“The Thing About Boston…”

The Boston Athletic Association proudly announced yesterday that all qualified athletes who submitted applications during the 2023 Boston Marathon registration window will be accepted into the April 17th race, provided their qualifying time is verified. A total of 23,267 applications were submitted over the five-day registration window.

The 127th Boston Marathon will feature a field size of 30,000 participants. With 23,267 qualified, invited athletes, the remaining 6,733 participants will consist of athletes representing official charity partners, sponsors, members of the professional field, and other invitational entries. This is not “typical” for the Boston Marathon, nor has it been for the past few years.

In 2020, the race was initially postponed to September as Covid-19 made its way around the world, resulting in a global pandemic. By September, however, race officials reluctantly cancelled the in-person event for the first time in the entire 124 year history of the race and, subsequently, offered all registrants the first ever “virtual” Boston Marathon option. Heartbreaking, no doubt, to those who had finallly achieved this dream and were so looking forward to the experience and honor that they had earned.

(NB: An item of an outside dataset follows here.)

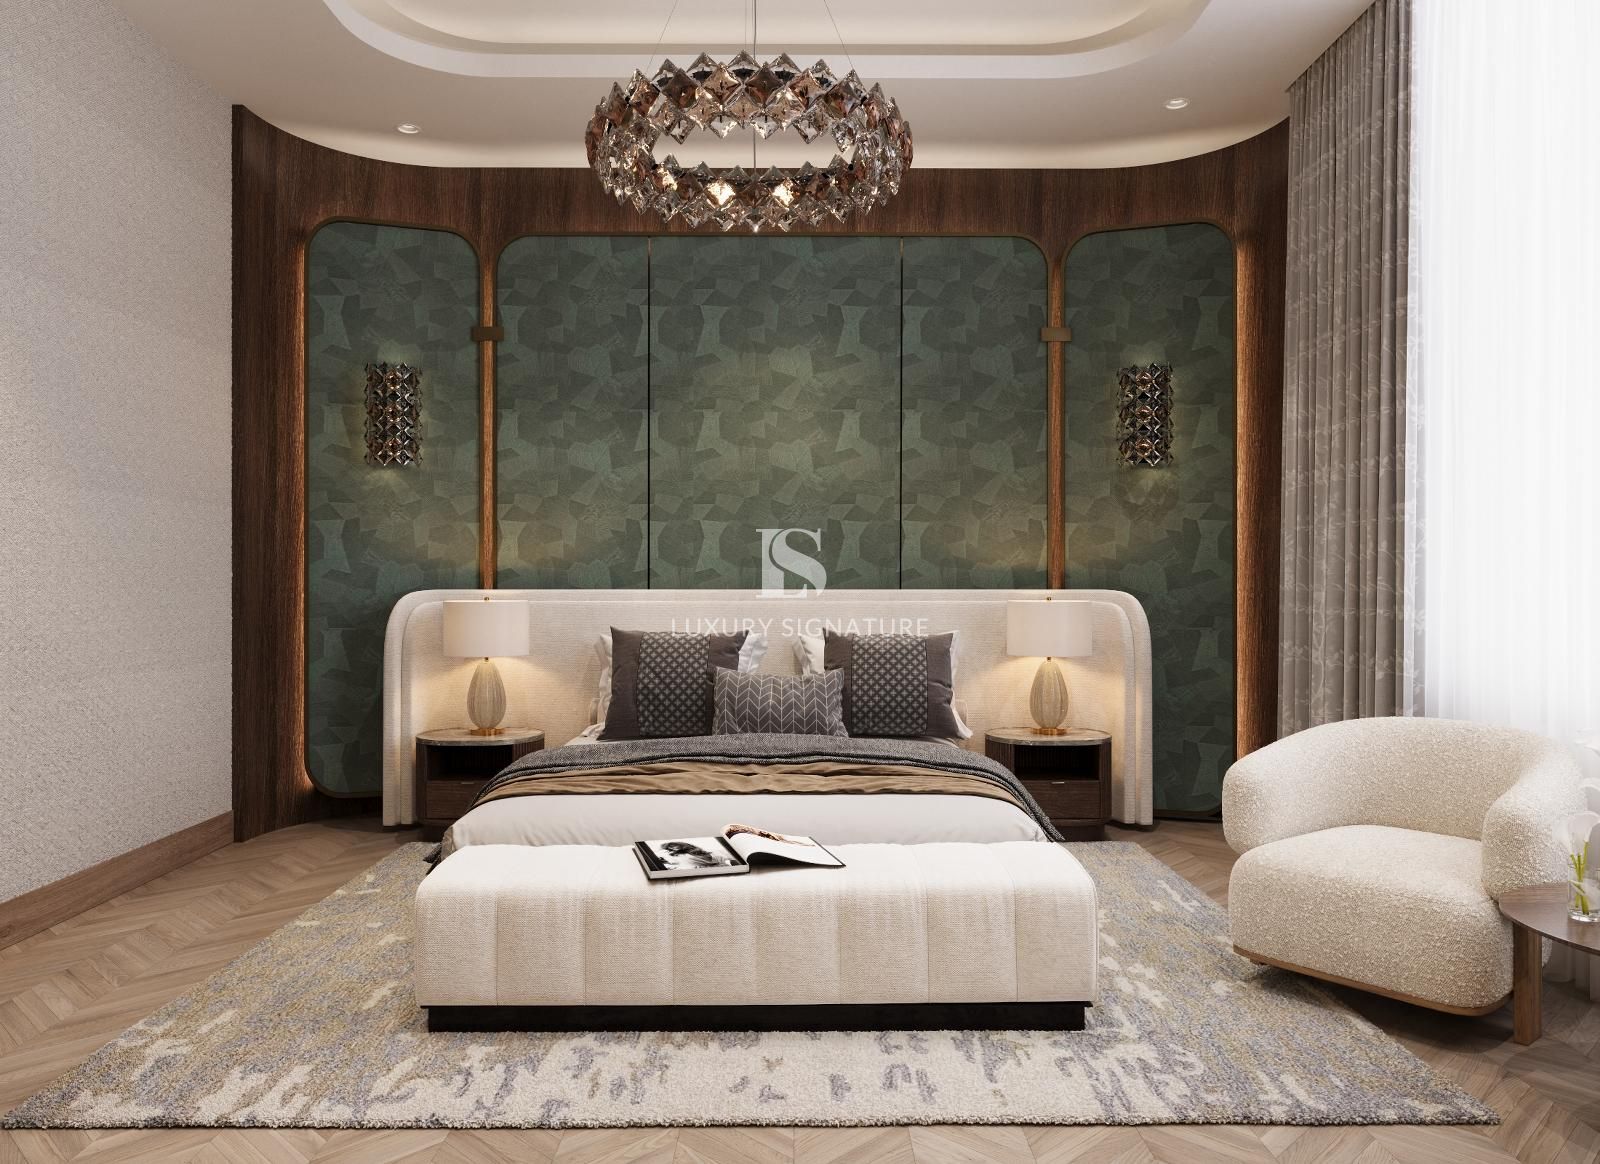 Luxury Signature interior Design Pic Ru

In 2021, the race was held in person but the date had to be moved from it’s usual, third Monday in April, to October 11th. In this particular year, the Boston Athletic Association also did something that they have never done before – they opened up a virtual race to the first 70,000 registrants over the age of 18. This never before seen gesture on behalf of the B.A.A. welcomed in runners of all levels and abilities, with no qualifying time required. Furthermore, they allowed the athletes from the previous year to re-submit their already existing BQ times for consideration into this year’s in-person event. The overall goal was to inspire people to continue running and pursuing their dreams despite the illnesses and hardships which had befallen us all.

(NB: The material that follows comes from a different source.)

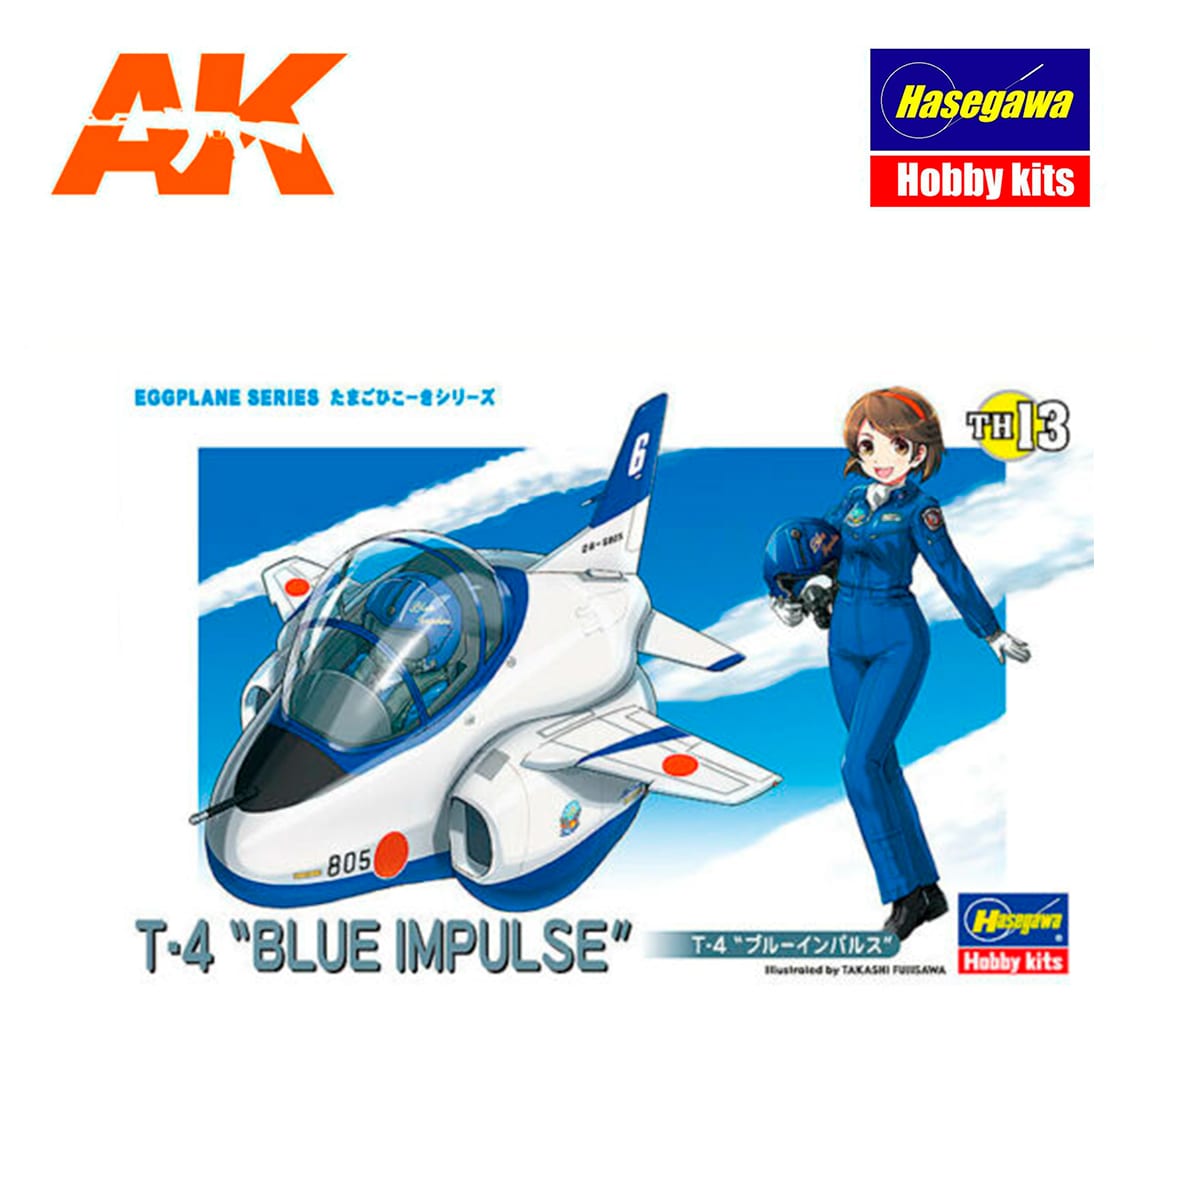 TH13-Egg Plane T-4 Blue Impulse

And, while 2022 was indeed held on Patriot’s Day – also known as “Marathon Monday” in the city of Boston, the overall number of registrants and participants was still below average for this most famous race. In the years prior, with the exception of 2020 and 2021, the world of distance running had already come to know that simply qualifying for Boston was rarely ever “enough”. In the past, you would have to exceed your qualifying time by greater than 2 minutes, sometimes even as high as five minutes, in order to receive an actual invite into the race. And this is where I become ambivalent – when “good enough” is not, in fact, actually good enough.

At the end of the day, Boston is still just a race – albeit old and iconic, and put on by a group of people who pride themselves on athletic excellence and exclusivity. Don’t get me wrong, I’ve had my fair share of love/hate moments when it comes to the Boston Marathon. I spent years of my own life chasing that same dream, only to find out that it was actually fueled by a deep seated insecurity inside of myself, as a person, exhibiting itself outwardly as a burning need for external validation. Once I realized this, I was actually able to address the root cause in myself, work to overcome it, and grow. I never did achieve my BQ – even my best marathon time was a solid 17 minutes slower than I needed it to be. But I did still have the honor of running that iconic course in October 2021, due to that never before offered opportunity. I registered as “virtual”, but chose to run it live, in person, on that course, on my own terms, and with the recognition of the BAA simply as an added bonus. I no longer feel the need to prove anything to anybody in any pursuit… but my heart still feels very happy and excited for those who have chased their BQ, legitimately achieved it, and then receive this most precious invite. They’ve earned it. They deserve it. Who are we to ever rain on their parade? Because here’s the thing about Boston – it was never meant to be “all inclusive”, nor should it be. Just like the Olympics are not open to the everyday, ordinary athlete – if you wish to run the Boston Marathon under invite, with a qualified bib, you must push yourself to achieve more.

There’s a time and place for races with participation medals and no course time limits – but Boston is neither the time nor the place for such allowances.

Boston is not for everyone. The Boston Marathon elevates the standards for endurance racing and it keeps those who chase it motivated, disciplined and inspired.

It’s just my opinion, take it or leave it, but the Boston Marathon is exactly what the Boston Marathon should be – the gold standard for all marathon runners. For this reason, it shall always hold a special place inside my heart. And I was overwhelmed with excitement when I read those words yesterday and realized that, for all those amazing athletes out there, working fulltime jobs and raising families, who still made the time to get those miles in and did all the things that most people won’t in order to realize a dream that most people never will, “good enough” was finally, actually, good enough!